Изменить стиль страницы

Обедали в комнатах молодых, где фру Ворше разыгрывала тонкую даму и даже говорила немножко на языке, который она называла «францюзским». Но вечером, после того как Ракел с мужем побывали в Сансгоре, все перебрались в заднюю пристройку.

И там смеялись, рассказывали, пили пунш, пожимали друг другу руки и ликовали до тех пор, пока даже Питер Нилкен не перехватил через край и сам не предложил спеть «любовную песню точильщика», которая была очень модной в его юности. И он запел при общем одобрении каким-то странным голосом: казалось, старик вдруг снова обрел мальчишеский голос — высокий, срывающийся и неровный, но очень выразительный. И взгляд его покоился на фру Ворше, когда он пел:

Дева, тебя вопрошаю влюбленно,
Можешь ли сердце мое разгадать?
Дева, молю, согласись благосклонно
Скромного парня невестою стать…

а мадам Ворше отбивала такт вязальным крючком и подпевала припев:

Спурр, спурр,
А я молчу,
Прялку верчу,
Тихо, но весело ножкой стучу.
XXVI

Под ярким летним солнцем, далеко на север, расстилались необъятные просторы золотисто-белого песка с зелеными островками морской травы. Береговая линия изгибалась, образуя мысы и бухты; по отмелям бродили стаи морских птиц, а прибой набегал мелкими завитками волн, ярко блестевших под солнцем.

Вдоль поросших вереском холмов, уходивших в тихие дали, ехала коляска; сидевшая в коляске чинная пара только что прибыла с почтовой каретой и теперь направлялась по узкой песчаной дороге, ведущей к Братволлскому маяку.

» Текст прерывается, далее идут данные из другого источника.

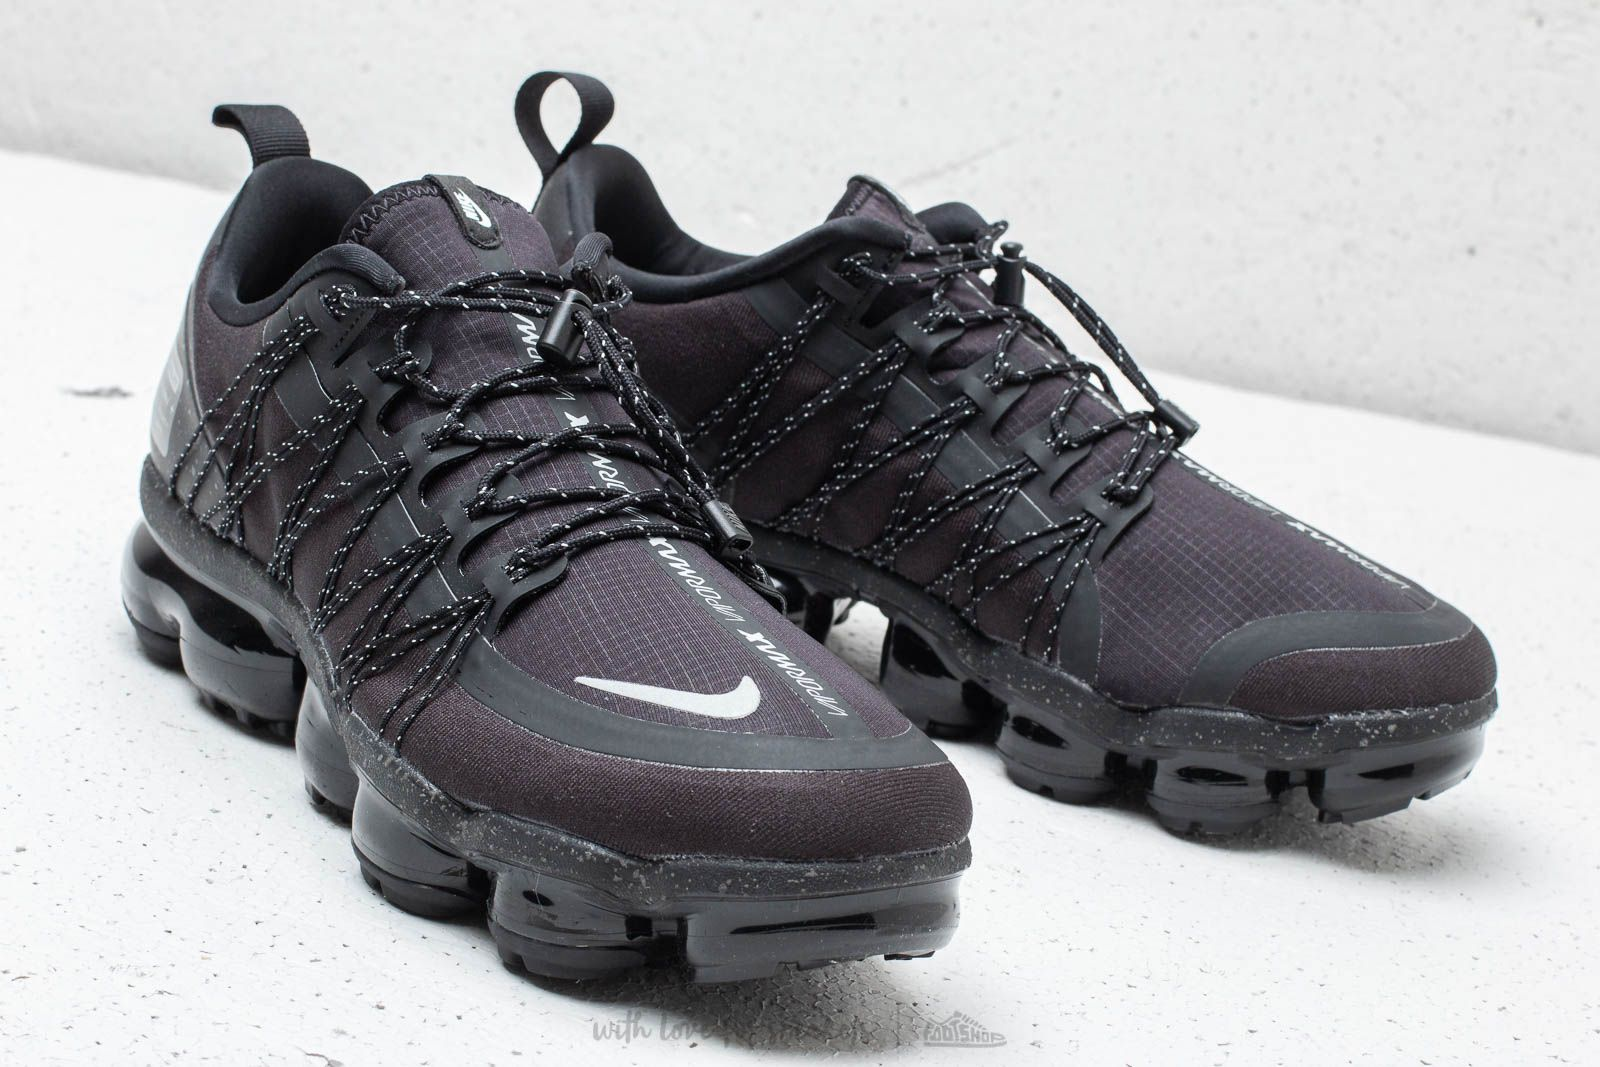 Nike Black Air Reflect Utility SilverFootshop Vapormax Run j3L54AR

Это было наперекор желанию Мадлен, но ее супруг, случайно услышав от кучера, что до маяка всего лишь час езды, тотчас же дал приказание повернуть к Братволлу: ведь надо же было где-нибудь передохнуть после такого долгого пути.

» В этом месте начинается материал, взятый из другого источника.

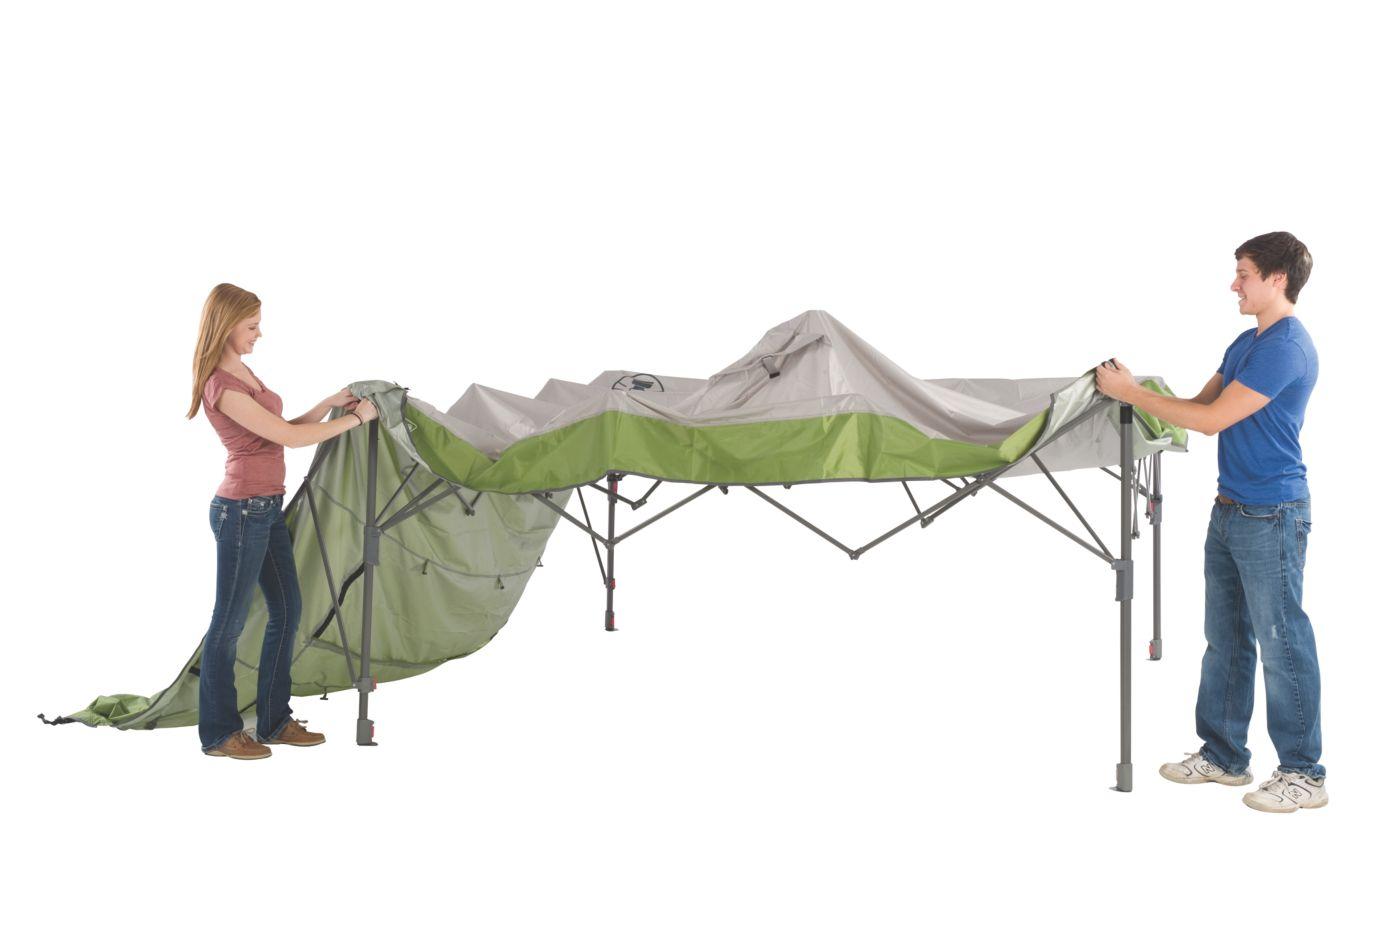 Swingwall Instant Canopy · 10 ft. x 10 ft. Swingwall Instant Canopy  sc 1 st  Coleman & Coleman® Swingwall Instant Canopy 10 ft X 10 ft

Пастор с супругой ехали на запад, намереваясь посетить округ, в котором должна была протекать деятельность Мартенса, — вступить в должность он должен был только с осени. В городе они собирались нанять домик и, между прочим, навестить старых друзей и родственников.

Как ни радовала Мадлен возможность снова увидеться с отцом, но известие о том, что ее муж получил новое назначение, скорее огорчило ее, хотя это произошло по настоятельному требованию епископа Спарре и сам пастор считал свое назначение большим повышением.

Впрочем, Мадлен все же почти не возражала: она никогда этого не делала — пастору Мартенсу действительно удалось воспитать ее супругой по своему вкусу.

Она сидела, забившись в угол коляски — пастор за последнее время порядком раздобрел — и мало чем походила на ту Мадлен, которая когда-то чувствовала себя дома в этих краях. Она выглядела не то чтобы больной, но бесконечно усталой. Ведь в большом пасторском доме в деревне работать приходилось много, да и трое детей доставляли немало хлопот.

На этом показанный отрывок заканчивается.